### Problem
Both the line with "Hombre goofy con" and the line with "マインホールド 子供用 バイオリン" in the records below must appear in the output, along with every line between them, exactly and with nothing added.

══ Dataset excerpts

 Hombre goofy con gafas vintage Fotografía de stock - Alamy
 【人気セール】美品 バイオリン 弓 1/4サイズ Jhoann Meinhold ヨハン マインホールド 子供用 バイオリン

════
══ Dataset excerpts

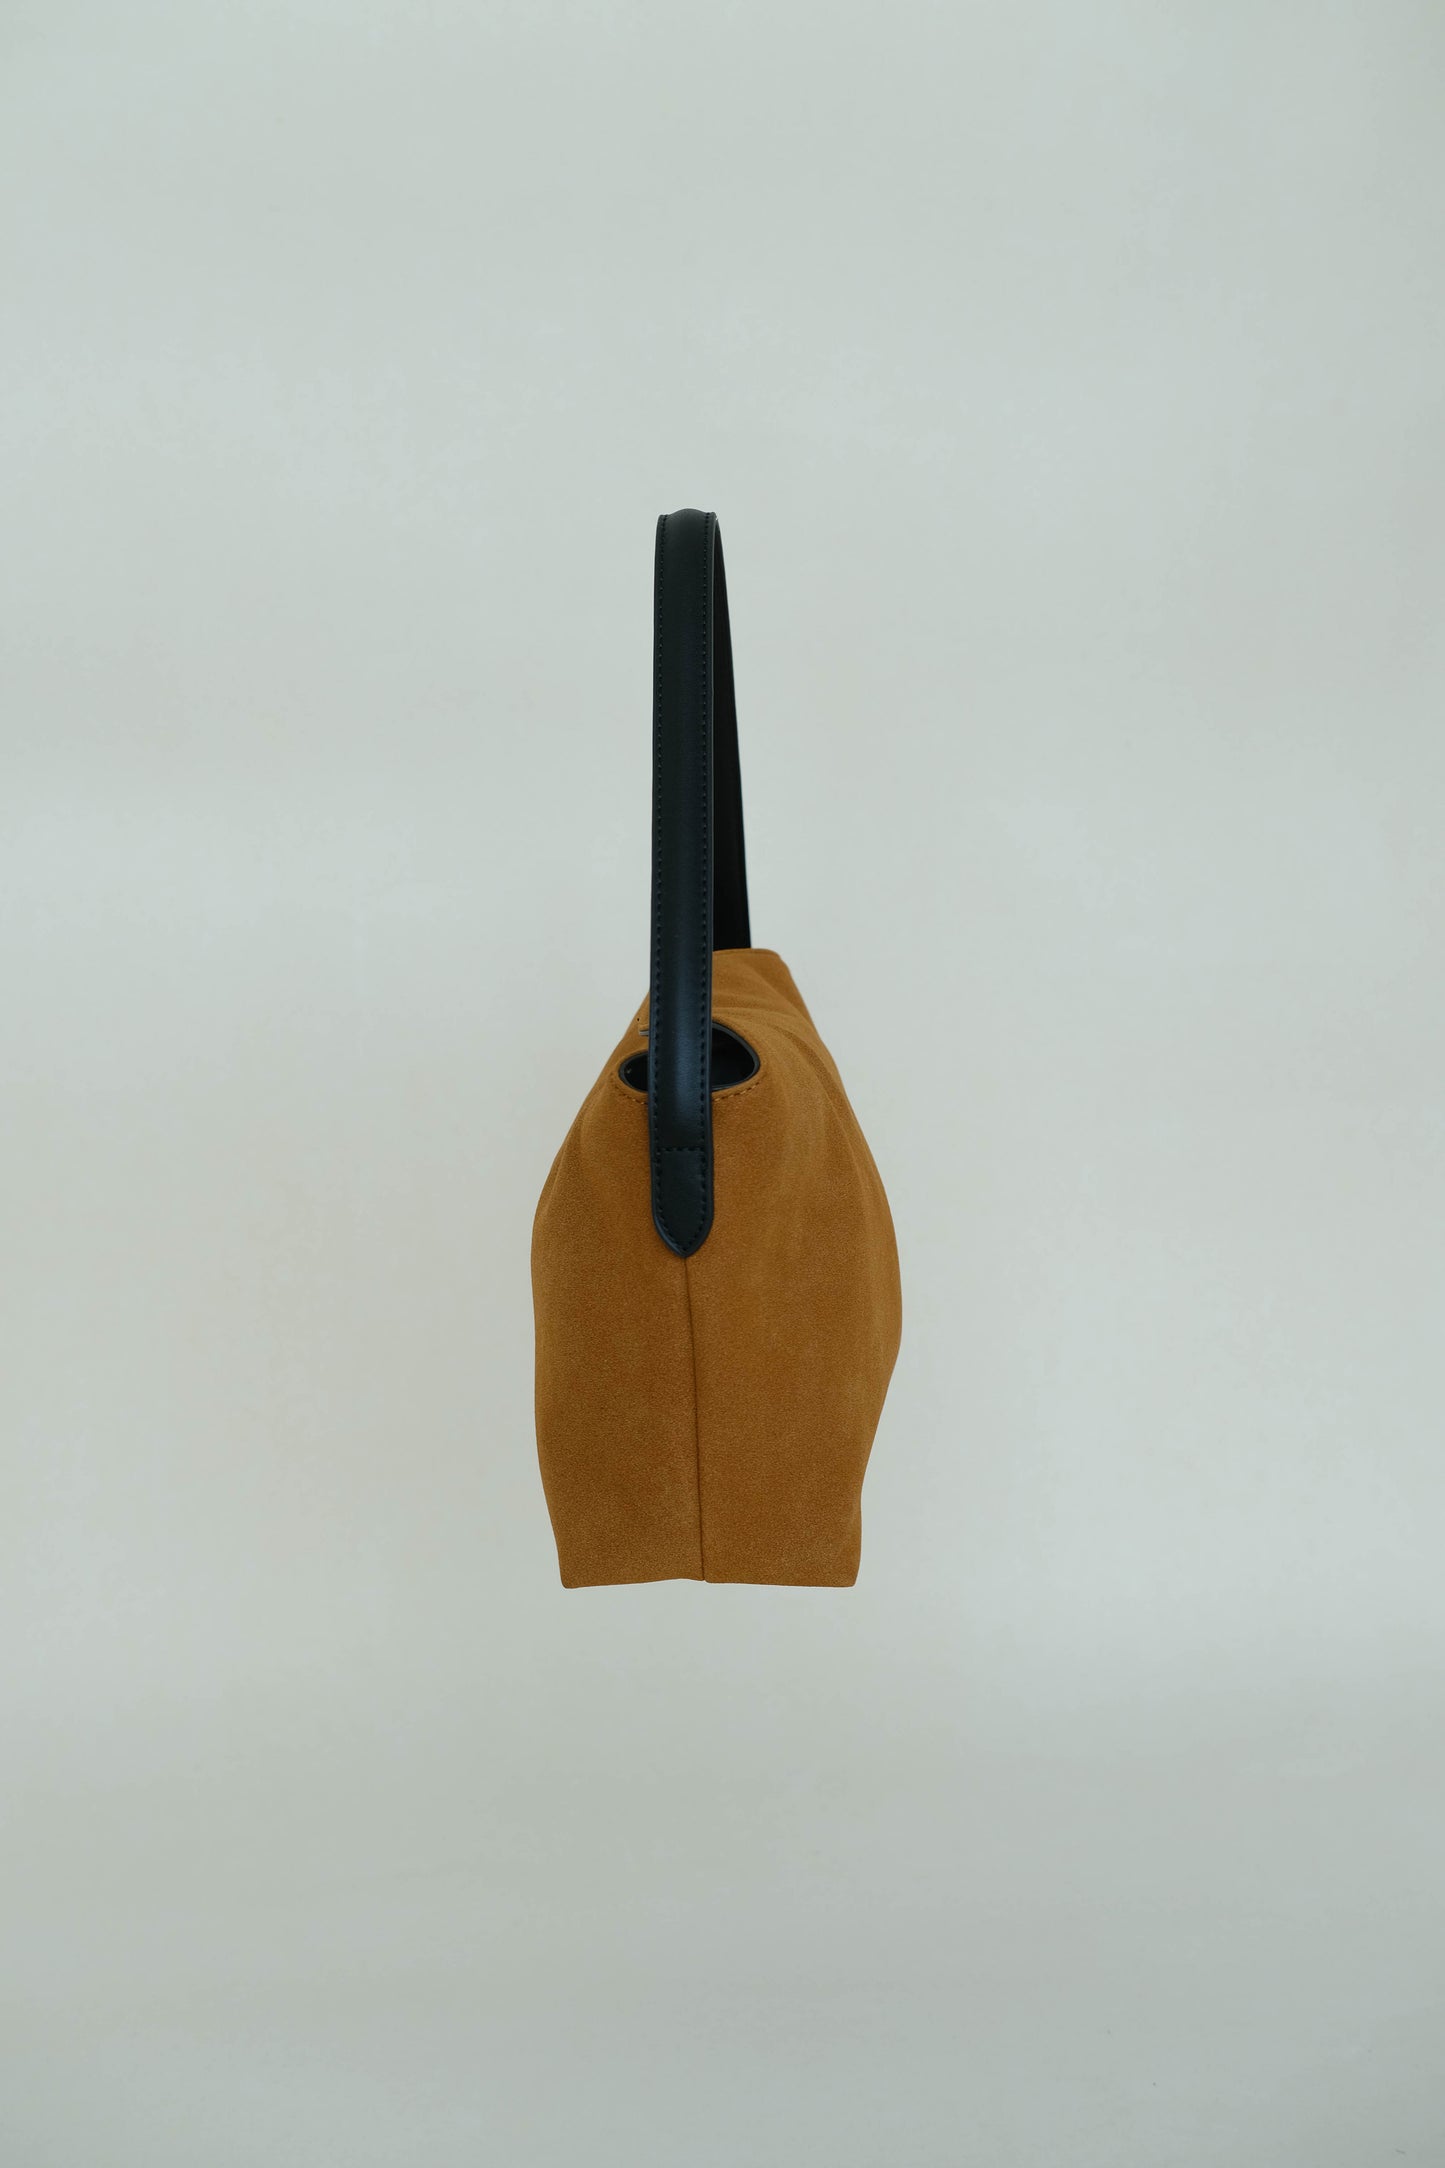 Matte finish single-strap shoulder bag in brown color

════
══ Dataset excerpts

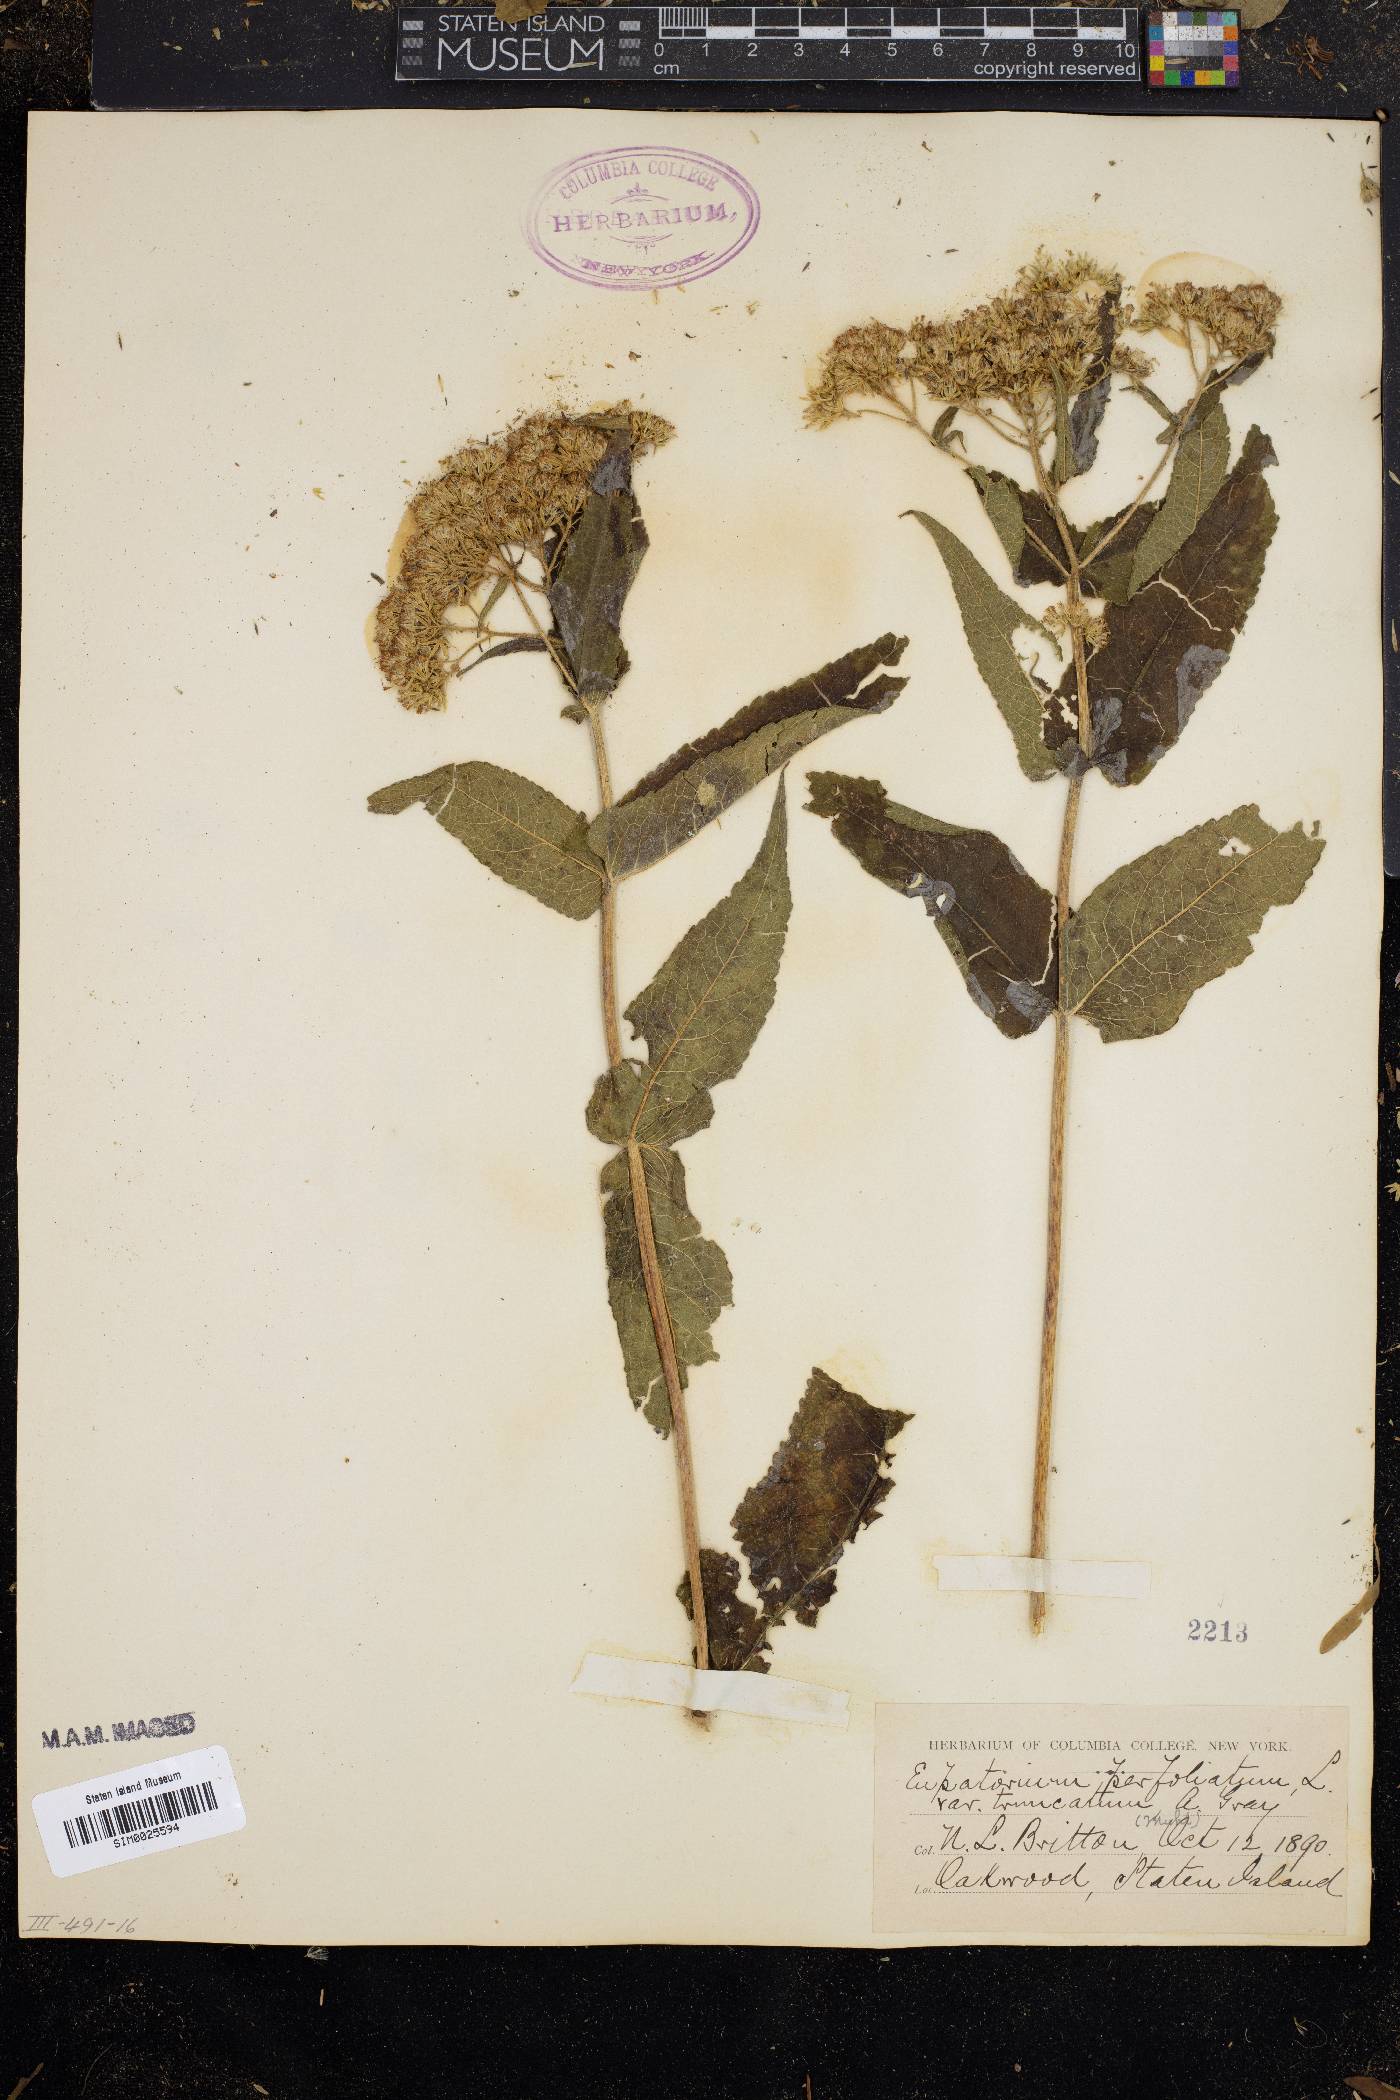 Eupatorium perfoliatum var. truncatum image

════

### Written answer
 Hombre goofy con gafas vintage Fotografía de stock - Alamy
 【人気セール】美品 バイオリン 弓 1/4サイズ Jhoann Meinhold ヨハン マインホールド 子供用 バイオリン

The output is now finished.